### WORK TO COMPLETE
Starting at the line that contains "Agenda_Page_1.jpg", print each line exactly through the end of the listing. Skip any pictures and add nothing.

### DATASET EXCERPT
....

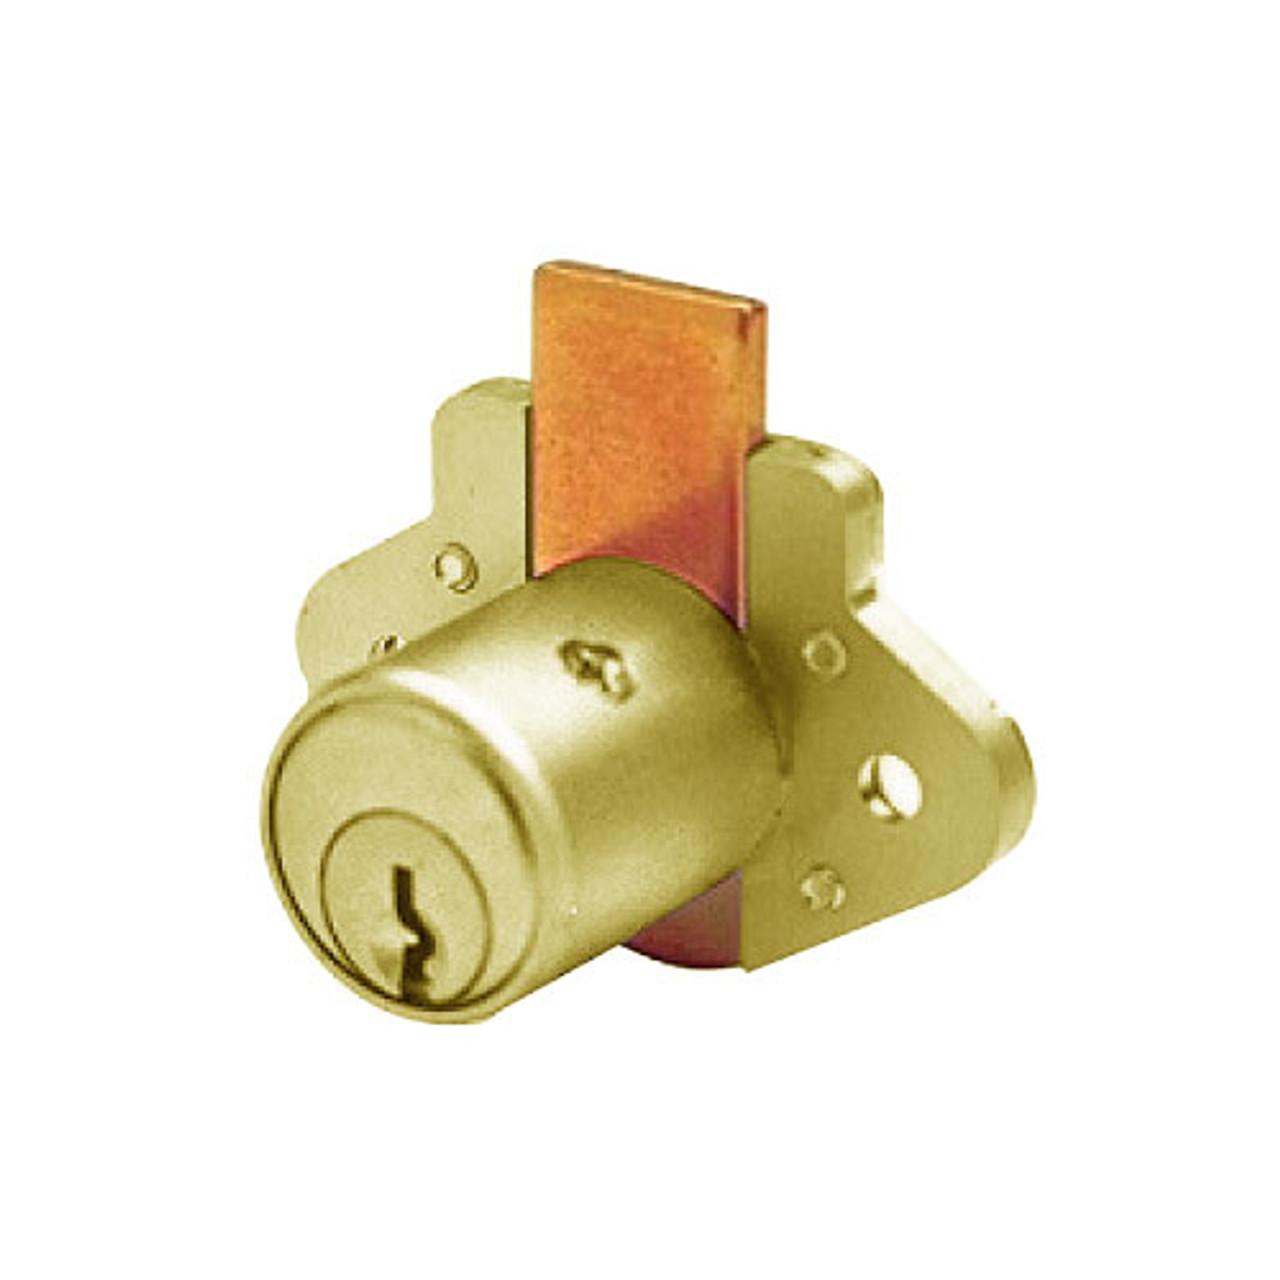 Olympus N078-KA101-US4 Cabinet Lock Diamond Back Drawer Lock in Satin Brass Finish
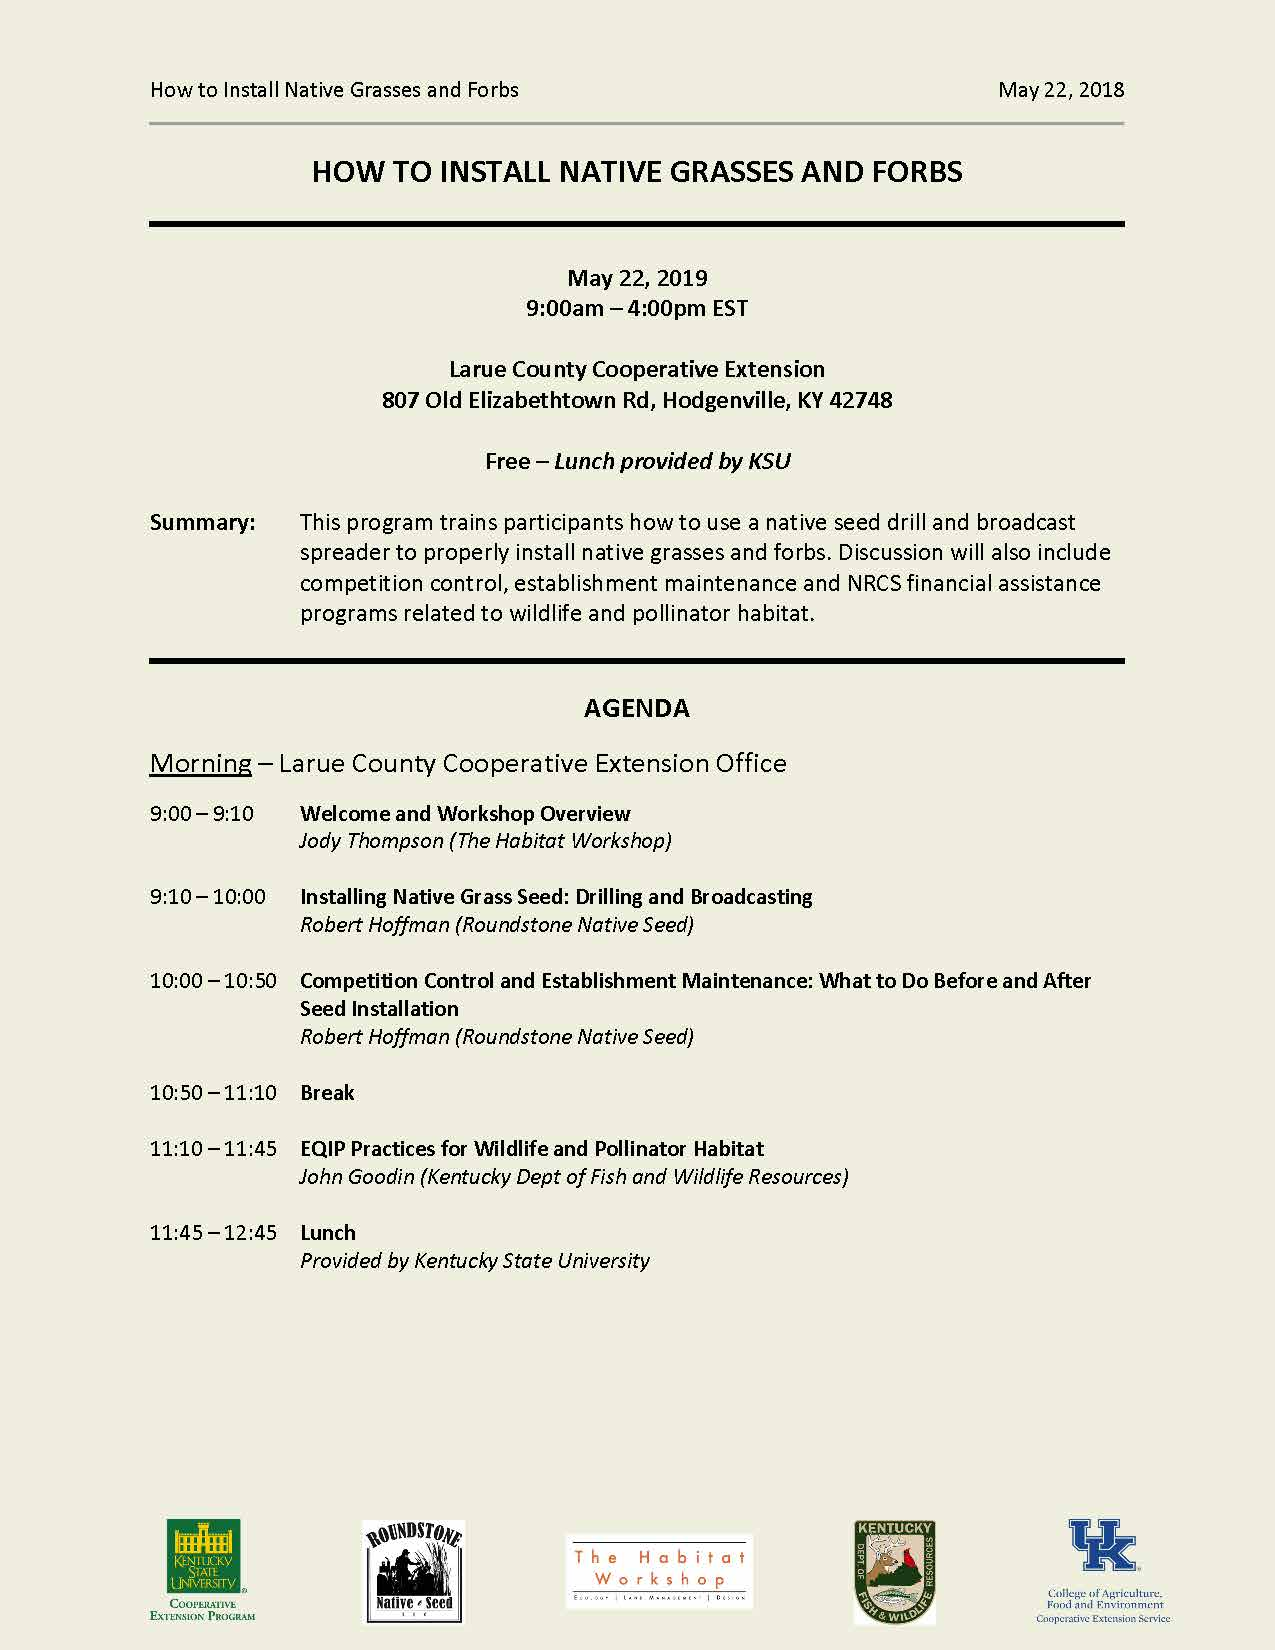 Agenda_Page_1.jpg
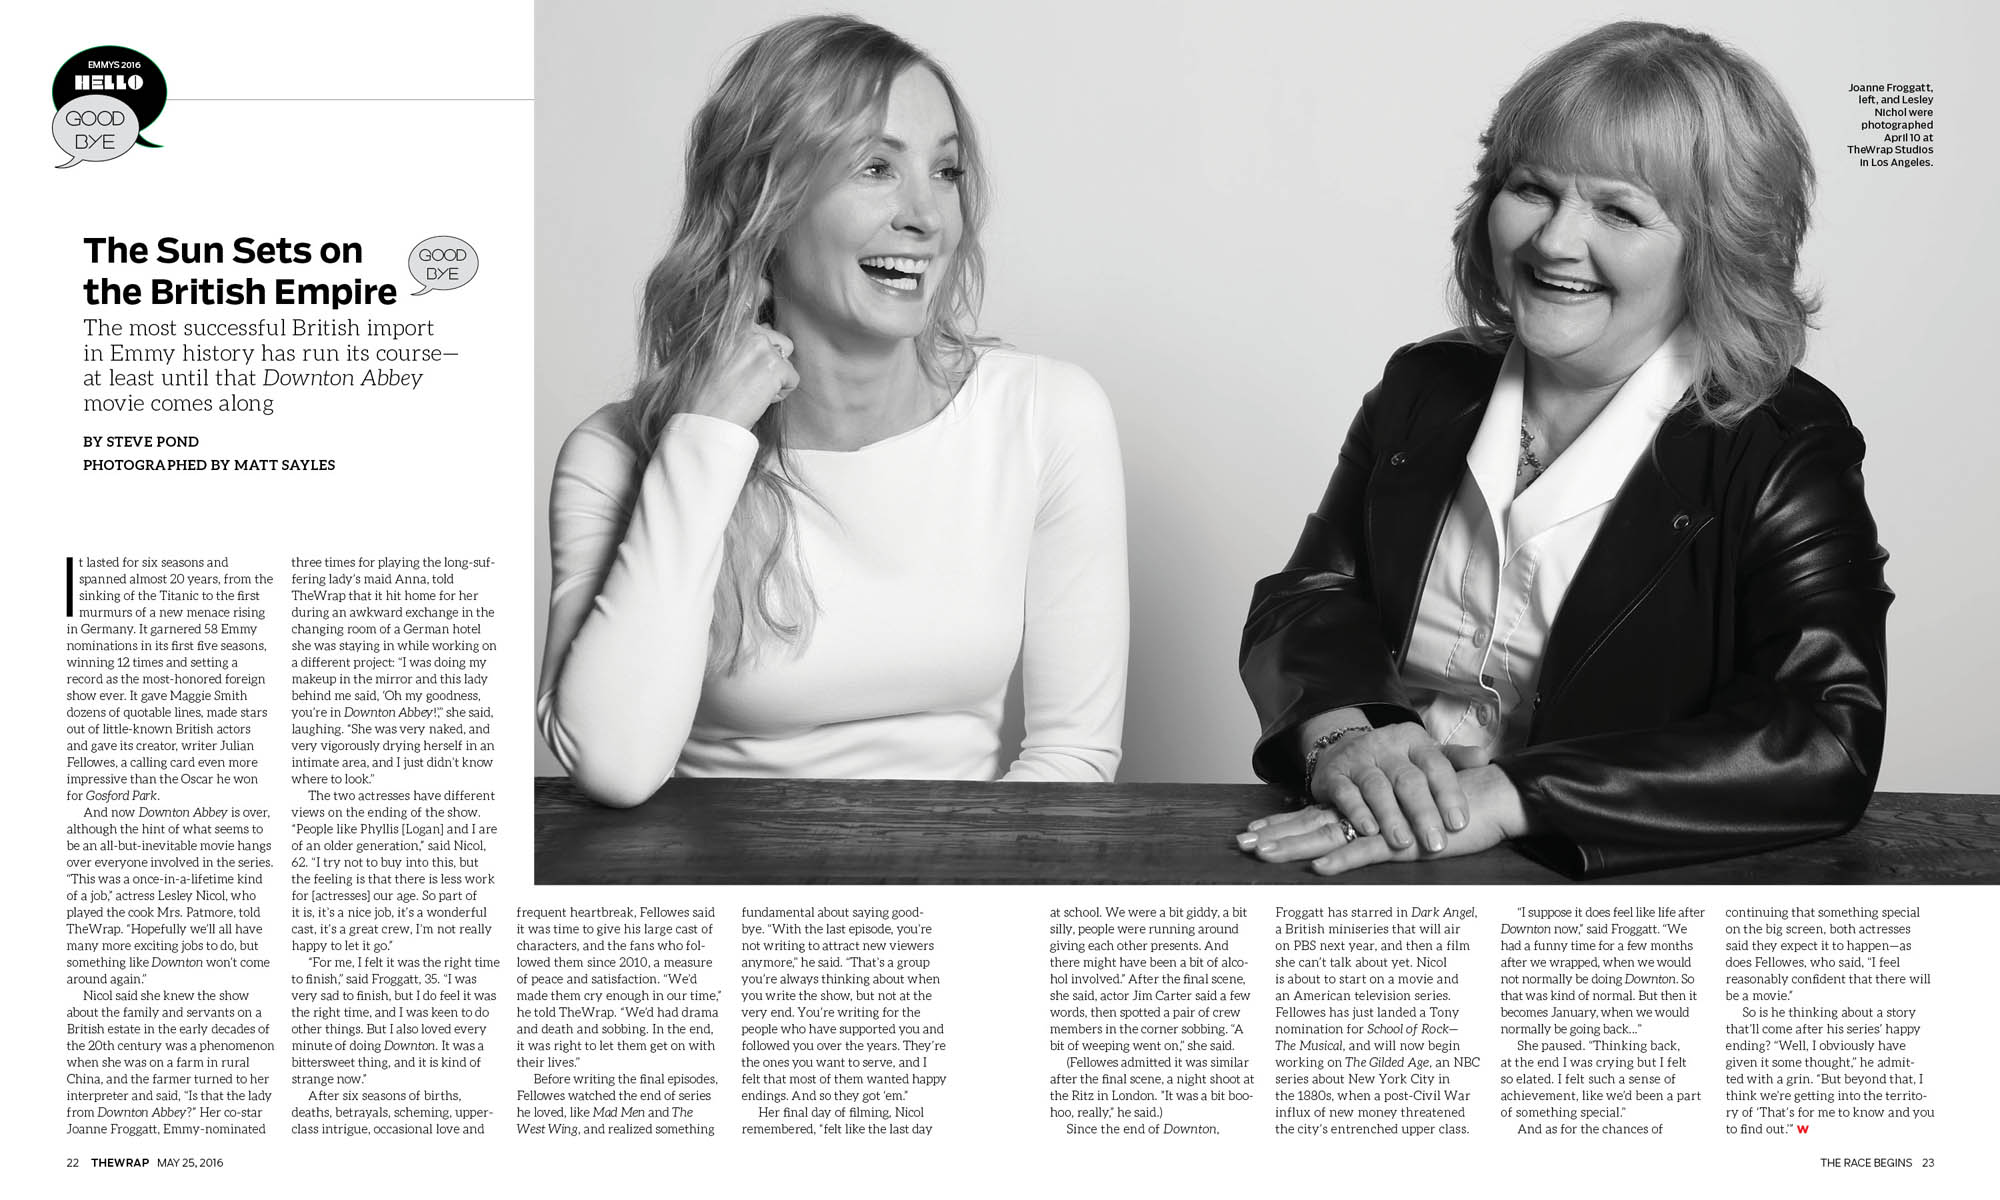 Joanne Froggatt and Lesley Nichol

....

### SOLUTION
 Agenda_Page_1.jpg
 Joanne Froggatt and Lesley Nichol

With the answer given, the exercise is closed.